France: the second world country

as i've said before, France definitely couldn't ever be considered a third world country, although when you go to the post office it feels slightly like it, so as a compromise i call it the "Second world country"

As opposed to of course the mighty mighty mouthy country we all know and love; the U.S.

a few snippits for comparaison purposes:

my wifi card -
i ordered it in Dec, still not here. why you ask? they have run out of stock. As far as I can remember anything I've ever needed in the states (except for car parts) is always available and at any time of the day.
The kicker is that the place where i internet ordered it from didn't even have the customer service-ness to notify me. (Have I mentioned that the US is the best country in the world for customer service too?As J.D. says "here the customer is king, but the king better know when to shut the fuck up")
so as of the 15th of Feb, i still have no wifi card. shucks.

my gym -
given, Rouen is a small town (250,000 in the center and surrounding mini-suburbs); and everything in France is teeny tiny. which i rather like. and so is my gym. I just signed up for a year's membership (hitting the diet trail again) and off I went.
Here's where you laugh. It has three eliptus machines (the ones where it feels like you're running but your feet never leave the footpads - running, but low impact), four bikes, one rowing machine, three treadmills, one of every weight machine, some other random torture devices, and the aerobics classes room. Oh, and yes for the cardio machines there is one tiny television to distract you from your fat-burning agony session.
Open till 8.30 pm (practically a revolution for France), half day on Sat and not on Sunday. (Who the hell could not have their gym open on Sunday?)
However the best part is a sauna - teeny and big enough for four people but hey, any sauna is better than none. Even though I do prefer steam rooms.

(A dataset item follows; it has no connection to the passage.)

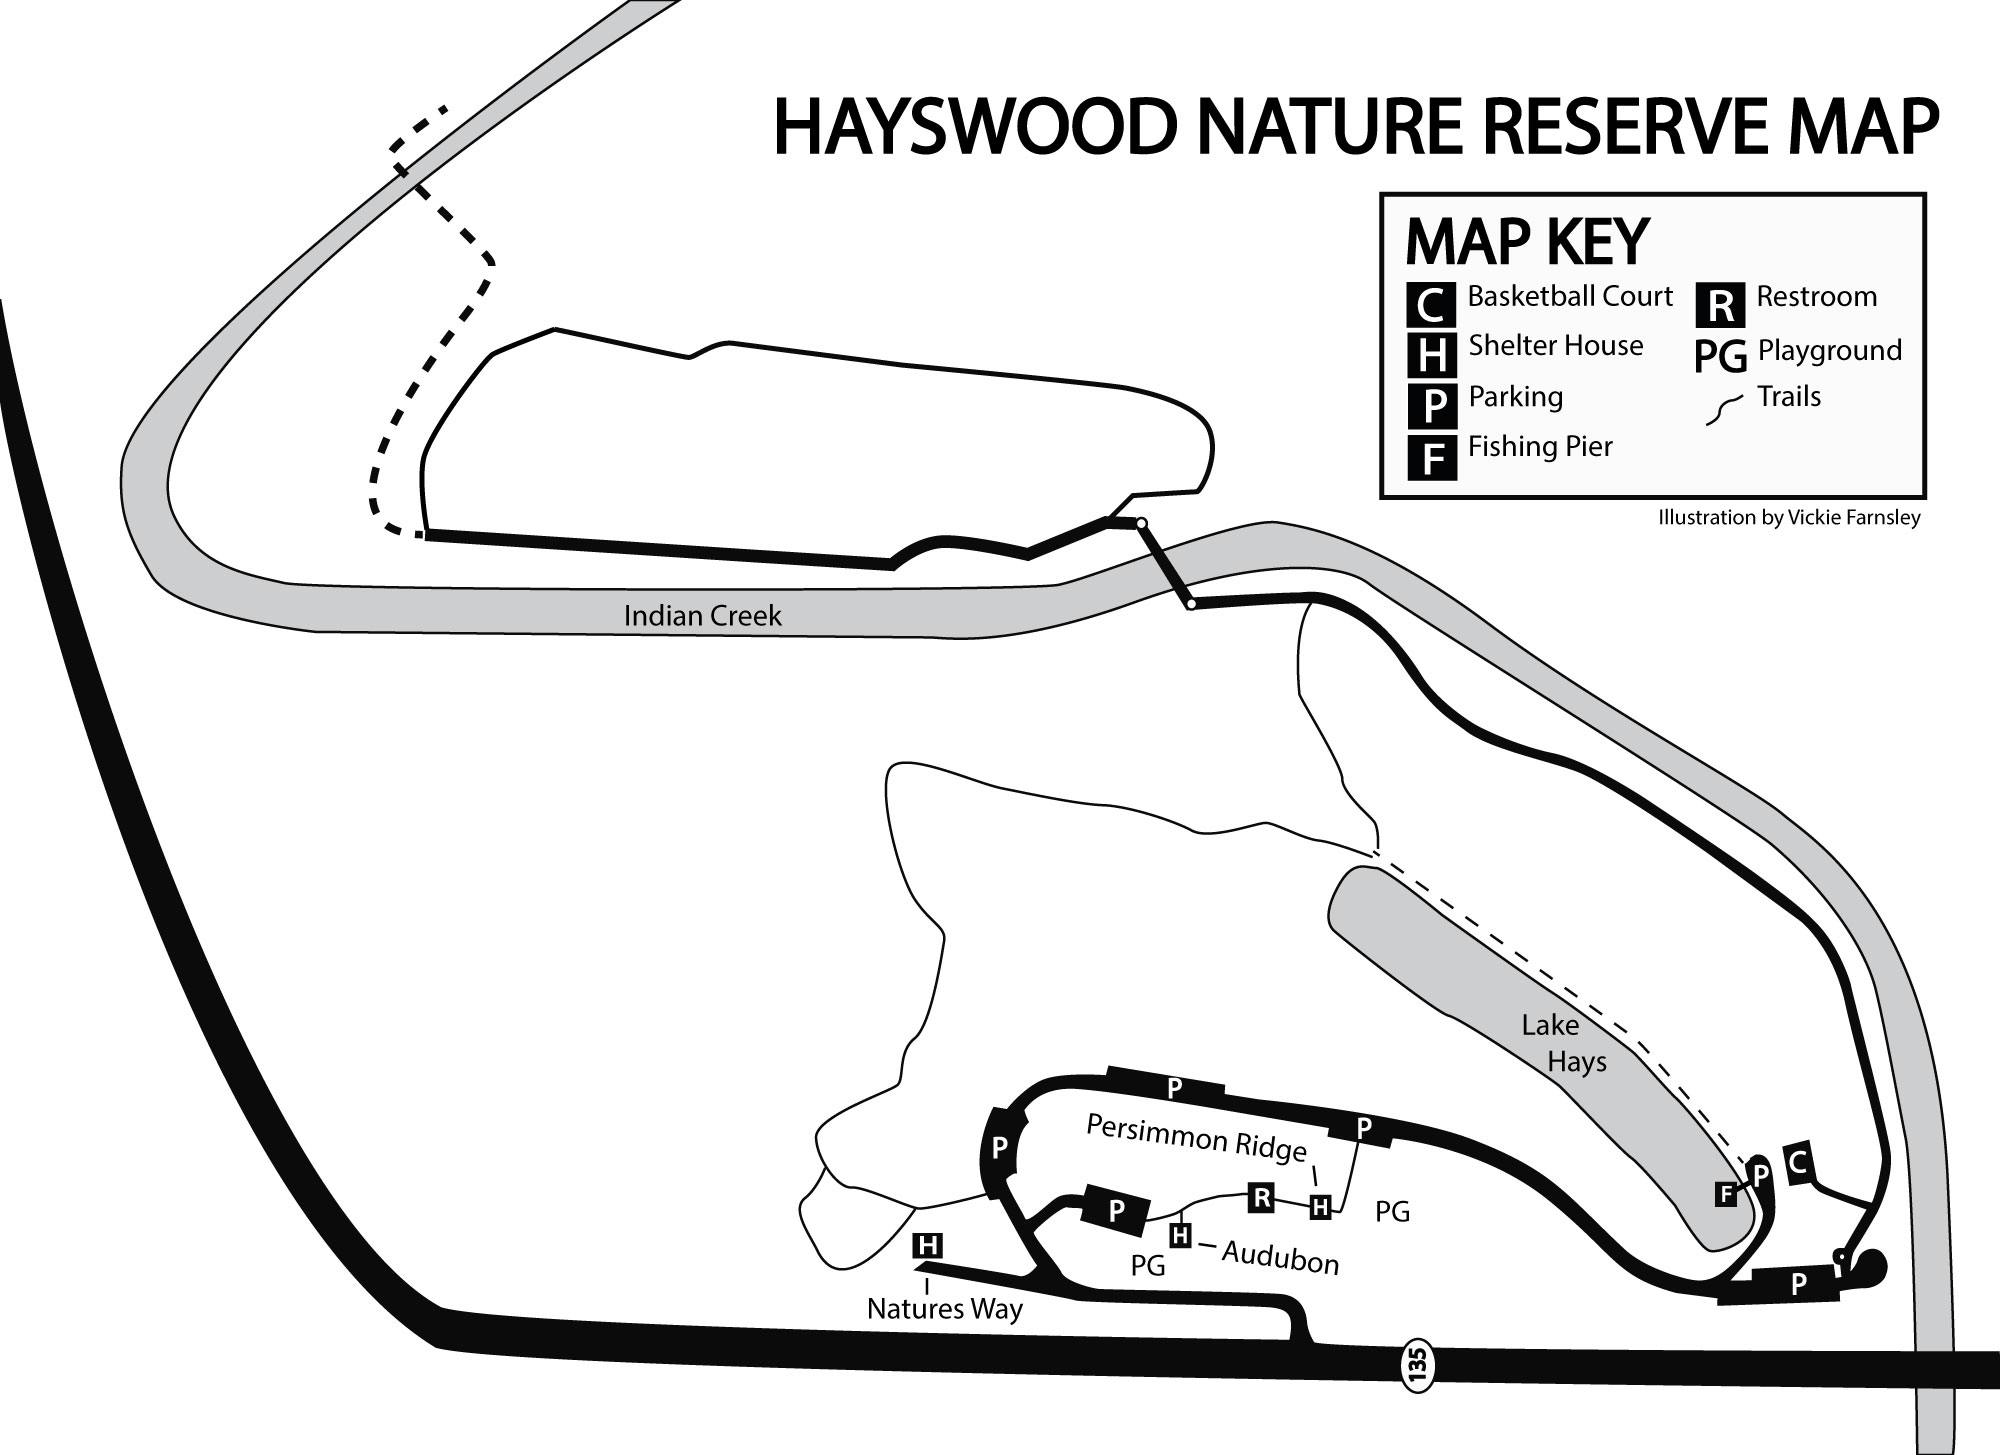 Hayswood Nature Reserve Park Map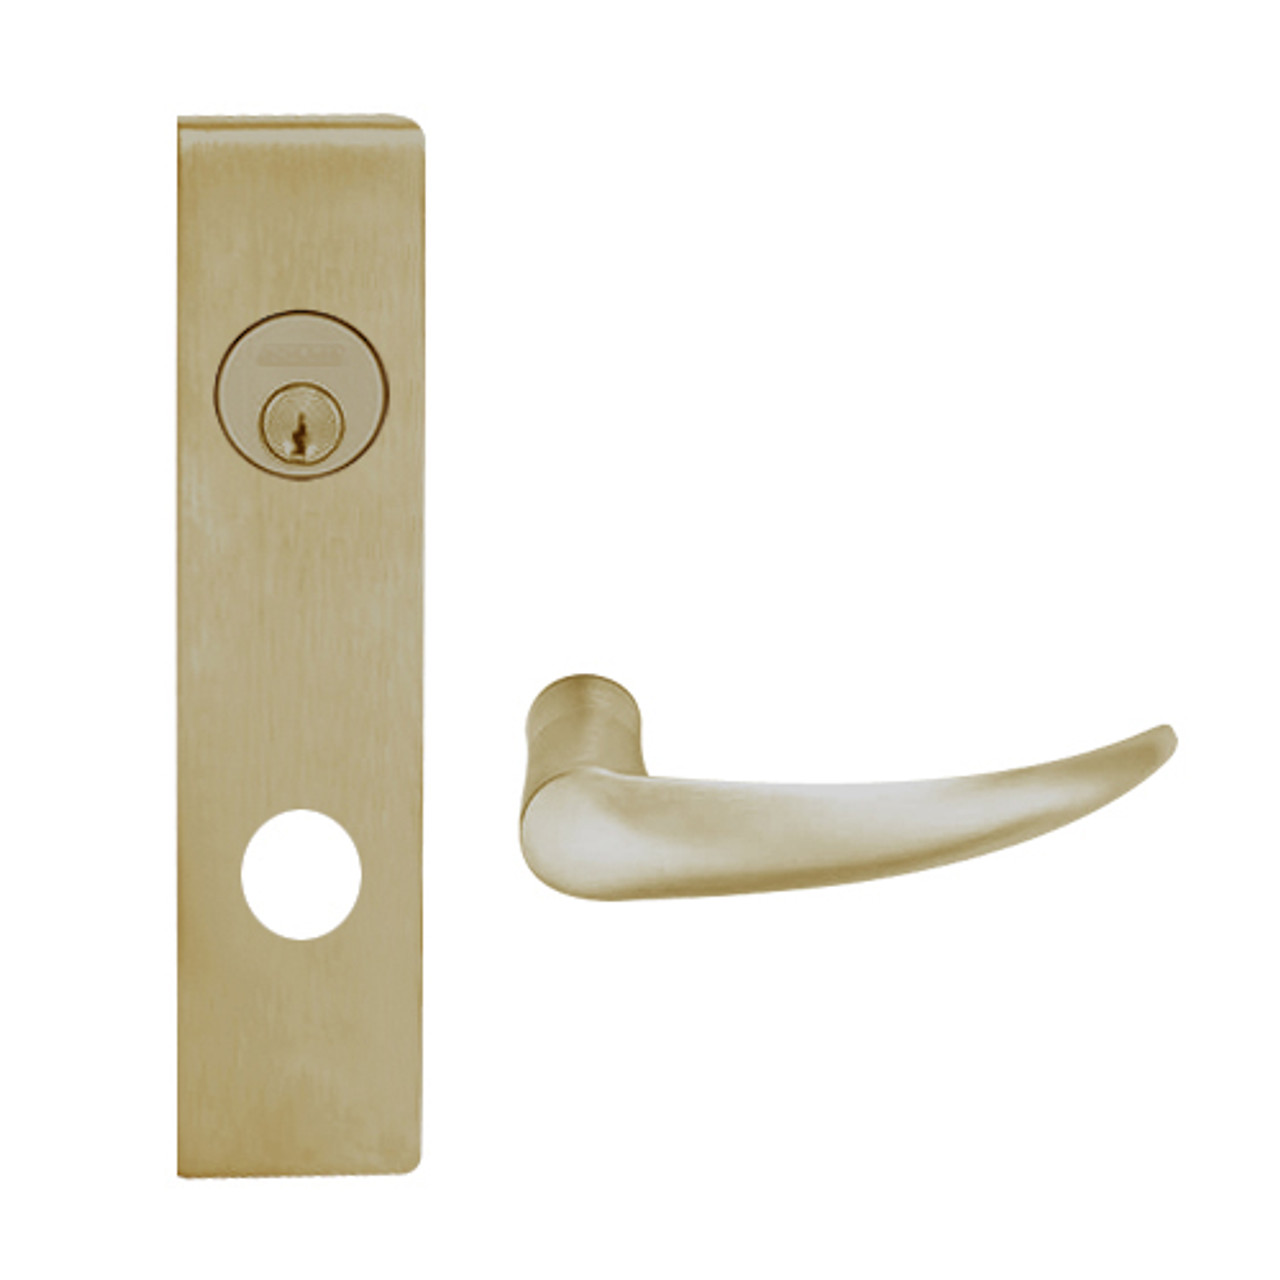 L9453L-OME-L-612 Schlage L Series Less Cylinder Entrance with Deadbolt Commercial Mortise Lock with Omega Lever Design in Satin Bronze

Now you have to understand I went with my friend K to her gym in the burbs - 24 hours; a tv for every machine, machines too many to count, steamroom and sauna, blah blah blah. you get the idea.

My "controle technique" -
For the first time in France, I got pulled over. Turns out every car older than five years old has to go to a technical control every two years. J.D. and i being two lowly foreigners (and first time french car owners) didn't know. and the lesson cost me 151 euros. FUN!
(Important aside - i gave him my american drivers licence and he didn't say anything, whew! that could have technically turned into a big mess, but that's a story for another blog)

So, now that i need to have one of these technical controls, i promply finish my day's work, go home and call one place that i drive by regularly. I call 'em up, they tell me their open, i say i'll be right over. WHOAH little girl! you have to make an appointment. Ridiculous. Like for the dentist's office? yes like for the dentist's office.
second world country. J.D. laughs and proptly reminds me I'm not in the US.
So i make my appointment and that dirty deed got done.
make an appointment?????
i still don't get it; the funny part is also that anytime i drive by one of these places, THERE'S NO ONE THERE!
could it be pessimistic of me to suggest that it could possibly have something to do with the french work ethic? (meaning - avoid real work as much and as long as you can)

well, i'm sure i'll have more for later, for the moment this will have to do.